> Work item
Transcribe exactly the lines that fall between the one holding "Red Long Sleeve Turtleneck Top - Size 4/6" and the one holding "MegaBloks Grace's Two-in-One", inclusive, from the entries below.

> Supplied information

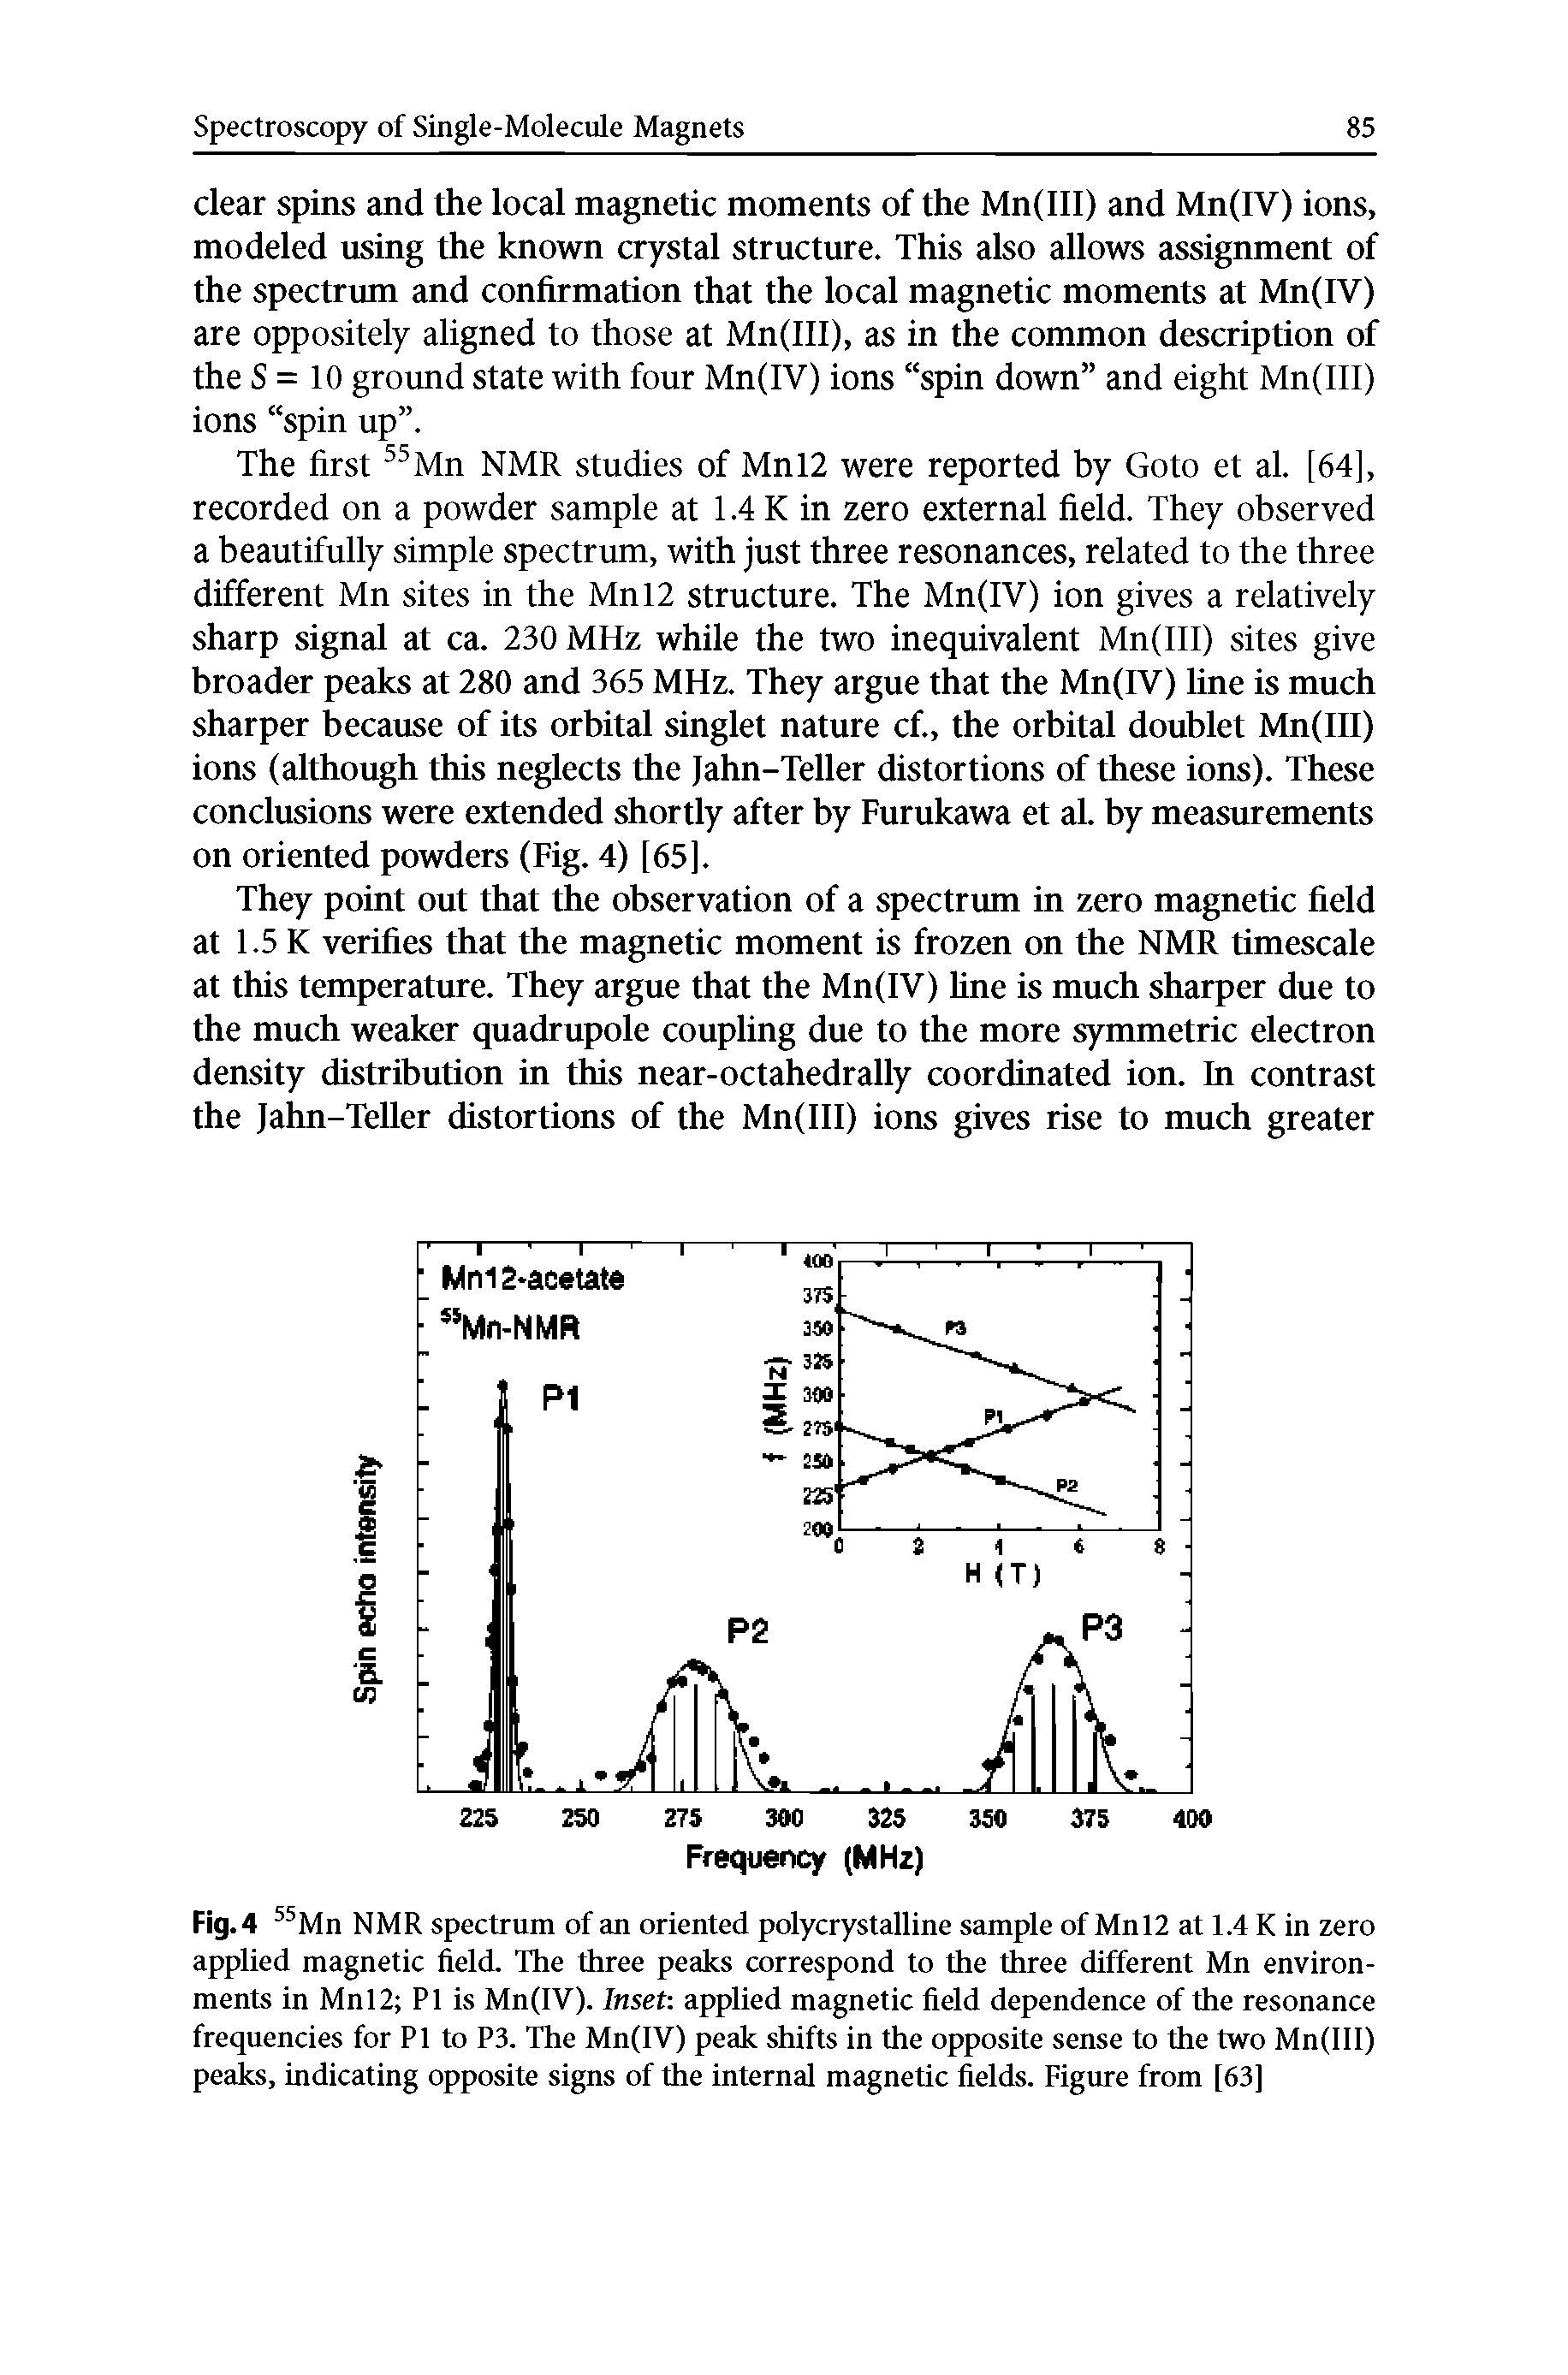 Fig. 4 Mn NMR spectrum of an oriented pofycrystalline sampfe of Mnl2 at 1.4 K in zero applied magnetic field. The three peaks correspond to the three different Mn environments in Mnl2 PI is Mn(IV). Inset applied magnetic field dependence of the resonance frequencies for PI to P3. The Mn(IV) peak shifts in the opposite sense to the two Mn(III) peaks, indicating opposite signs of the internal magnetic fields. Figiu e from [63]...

---

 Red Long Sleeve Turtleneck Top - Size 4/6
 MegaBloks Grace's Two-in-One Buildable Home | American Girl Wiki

---

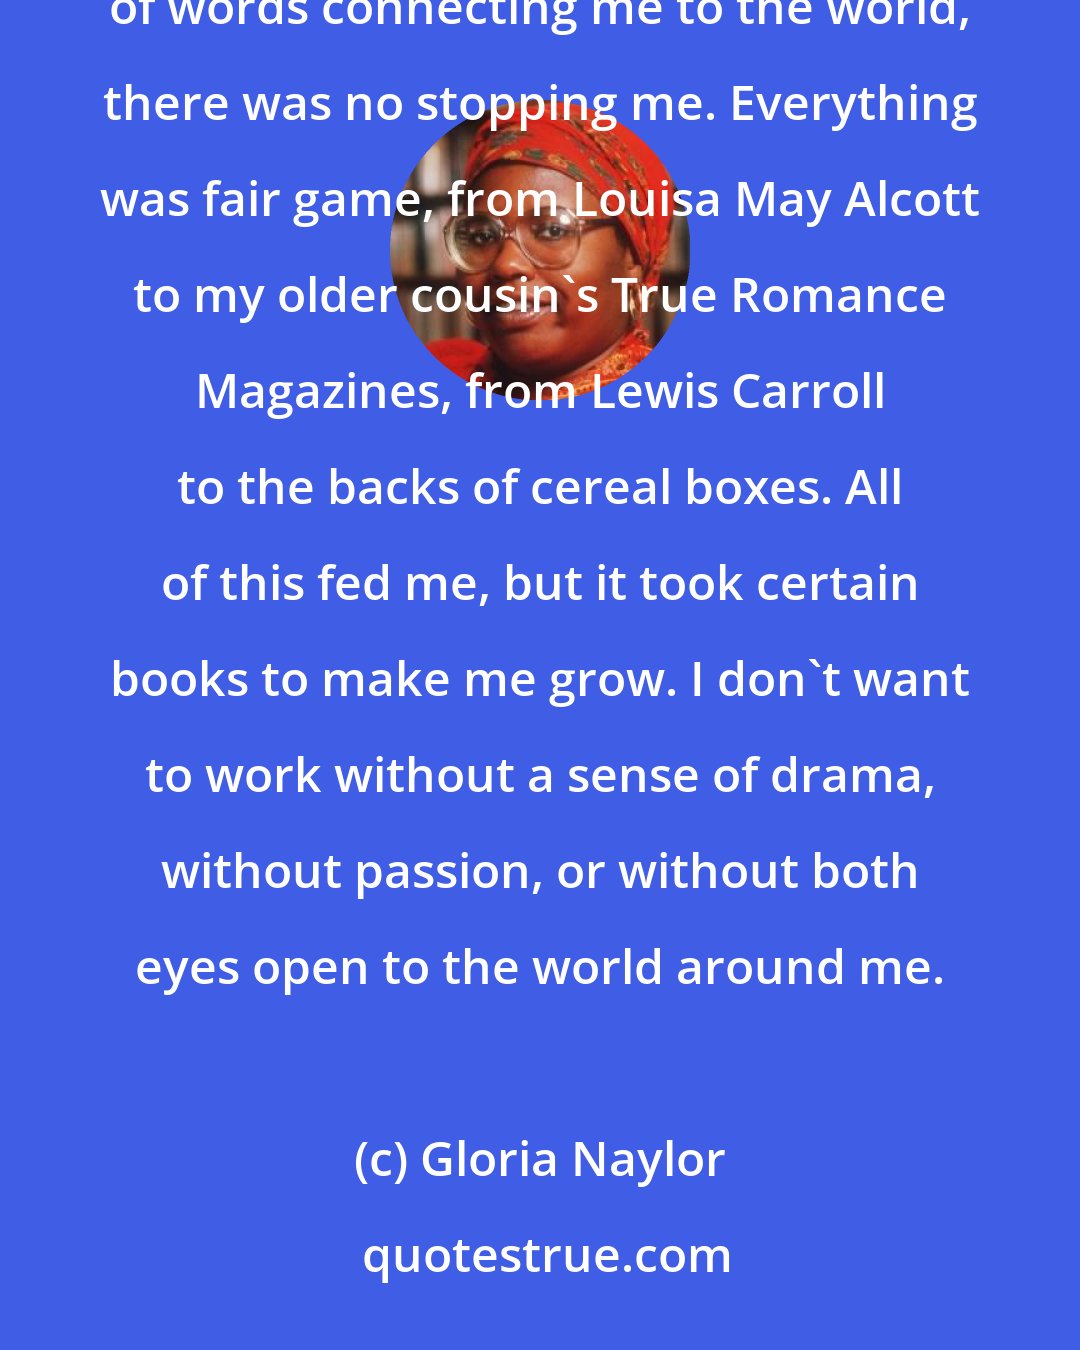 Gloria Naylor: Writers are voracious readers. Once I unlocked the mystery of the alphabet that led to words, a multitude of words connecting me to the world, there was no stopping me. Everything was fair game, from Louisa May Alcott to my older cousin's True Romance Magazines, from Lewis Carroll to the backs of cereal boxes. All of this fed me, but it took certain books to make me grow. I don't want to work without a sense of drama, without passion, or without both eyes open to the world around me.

> Answer to this problem
 Red Long Sleeve Turtleneck Top - Size 4/6
 MegaBloks Grace's Two-in-One Buildable Home | American Girl Wiki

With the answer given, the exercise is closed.